Florida Felons Gain Right To Vote As Citizens Elect To Pass Amendment 4


Voting rights advocates and formerly incarcerated individuals are celebrating the choice by Floridians to grant the state’s non-violent felon population the ability to participate in future elections. With 64 percent of its residents voting in favor on Tuesday, November 6, Florida agreed to the passage of Amendment 4, which could put pressure on candidates to answer to over one million additional voters going forth.

NPR reported that more than 1.5 million adults in the Sunshine State are currently outlawed from casting a ballot because they have a felony charge on their records. That number translates to 9.2 percent of all voting-age citizens across its 67 counties. Among those most disenfranchised under the law have been African-Americans, who during each election cycle face the disadvantage of heading to the polls short 20 percent of their demographic due to felony convictions.
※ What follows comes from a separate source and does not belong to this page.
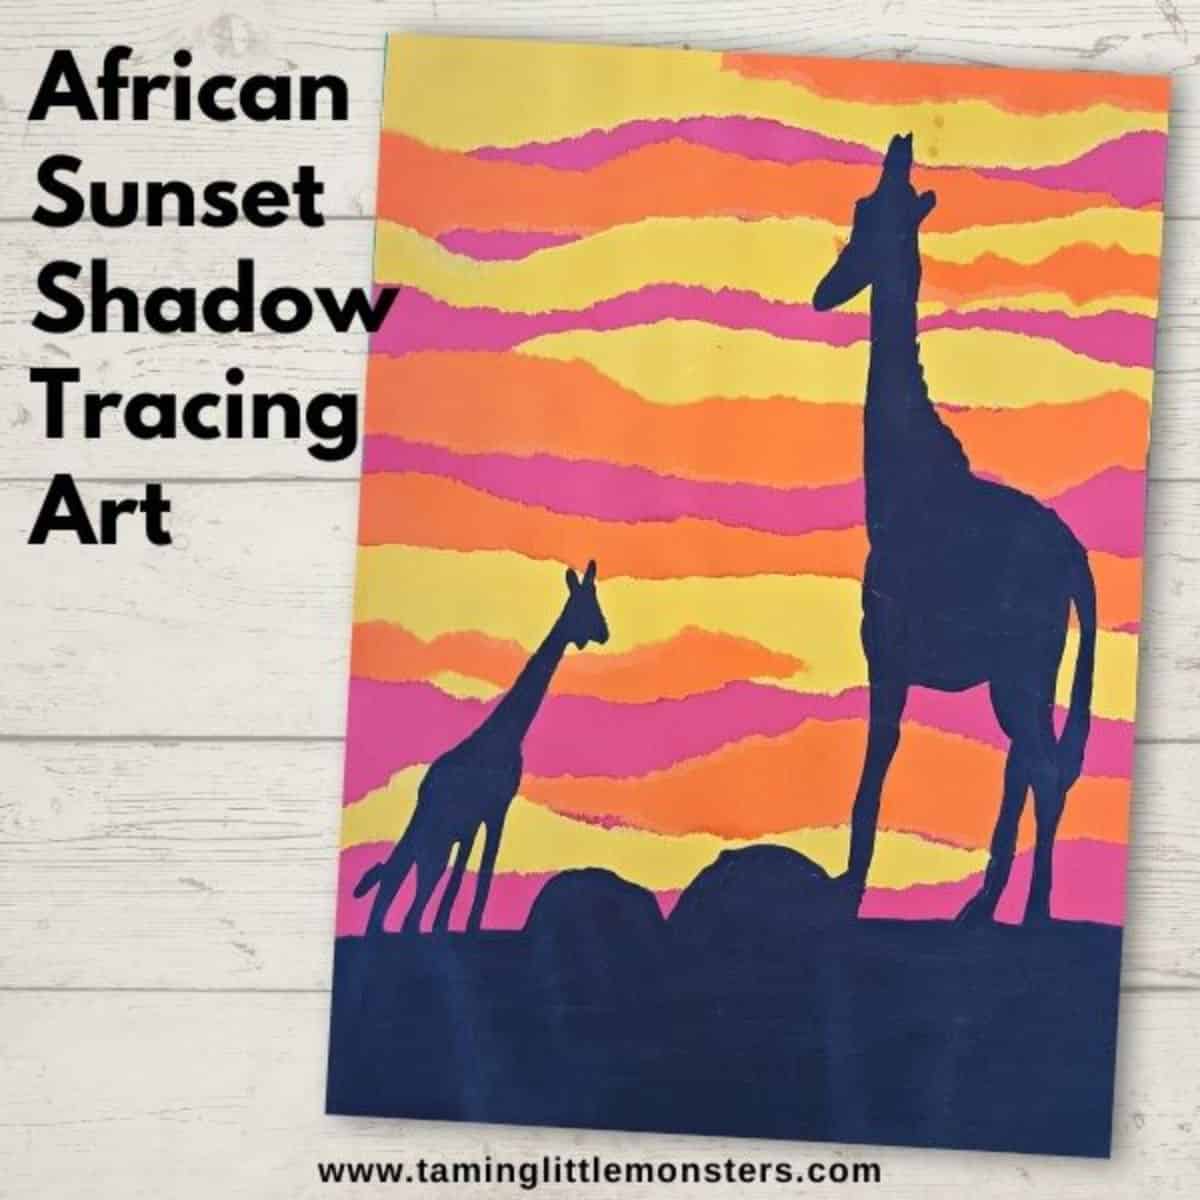 African Sunset Shadow Tracing Art

As Vox pointed out in a report on the impact of Amendment 4, Florida is one of only three states, along with Iowa and Kentucky, that even maintains a voting ban on felons who’ve completed their sentences. It has been that way since Rick Scott took office and reversed course on previous governor Charlie Crist’s leniency on the matter. During his time at the helm, Crist restored the rights of 150,000 felons to vote. With Gov. Scott establishing a rigorous application process that typically takes upwards of five years to gain restoration through, approximately 3,000 of 30,000 felons have seen their rights restored.

It wasn’t until February of this year that a federal judge posed a challenge to Gov. Scott by determining that the procedure he instituted was unconstitutional.
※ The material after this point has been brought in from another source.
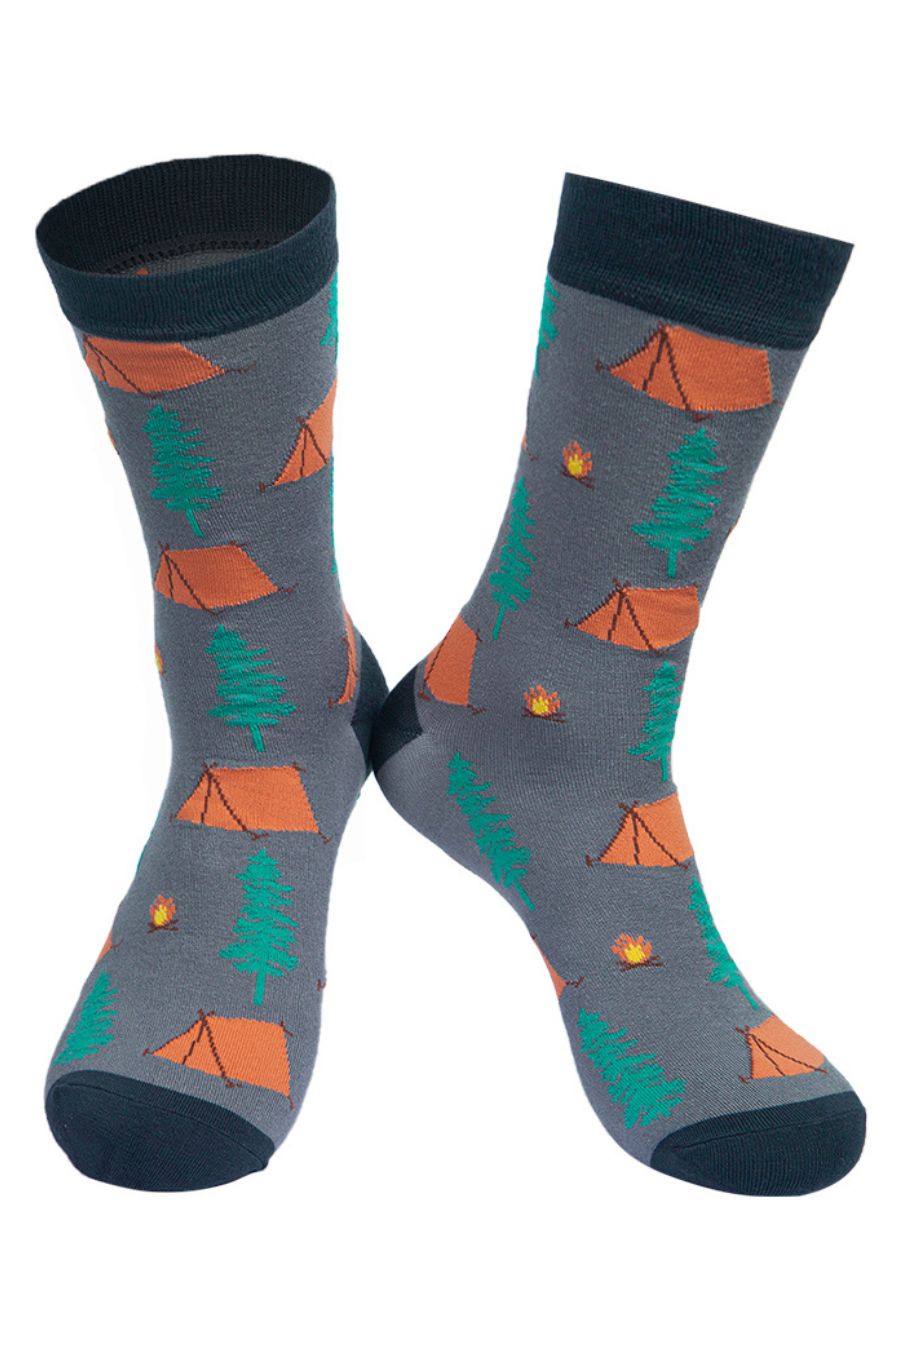 grey bamboo dress socks with a pattern of tents, trees and campfires

The ruling did more than put his leadership into question, as it also mobilized voting rights organizers to act. Before long, a group called Floridians for a Fair Democracy was able to collect 1.1 million signatures in order to ensure that Amendment 4 would be on the November ballot. The measure would then receive endorsements from opposite ends of the political spectrum, with both the American Civil Liberties Union and the conservative Koch brothers-funded Freedom Partners showing their support.

Exempt from the ability to benefit from applications for restoration of the right to vote, under Amendment 4, will be certain kinds of extreme offenders, including those with murder and felony sex crime convictions.

The results of the 2018 midterm election results on the bill have shown that such exemptions, coupled with a growing call for criminal justice reform, could make for a perfect bipartisan storm in spite of the divided politics of the day. The results, which come in an election year that has seen Democrats running neck and neck with Republicans in the state, might also be indicative of the potential for the political map to change, as many analysts believe most felons who go through with the process of restoration will be putting their numbers on the side of the blue party.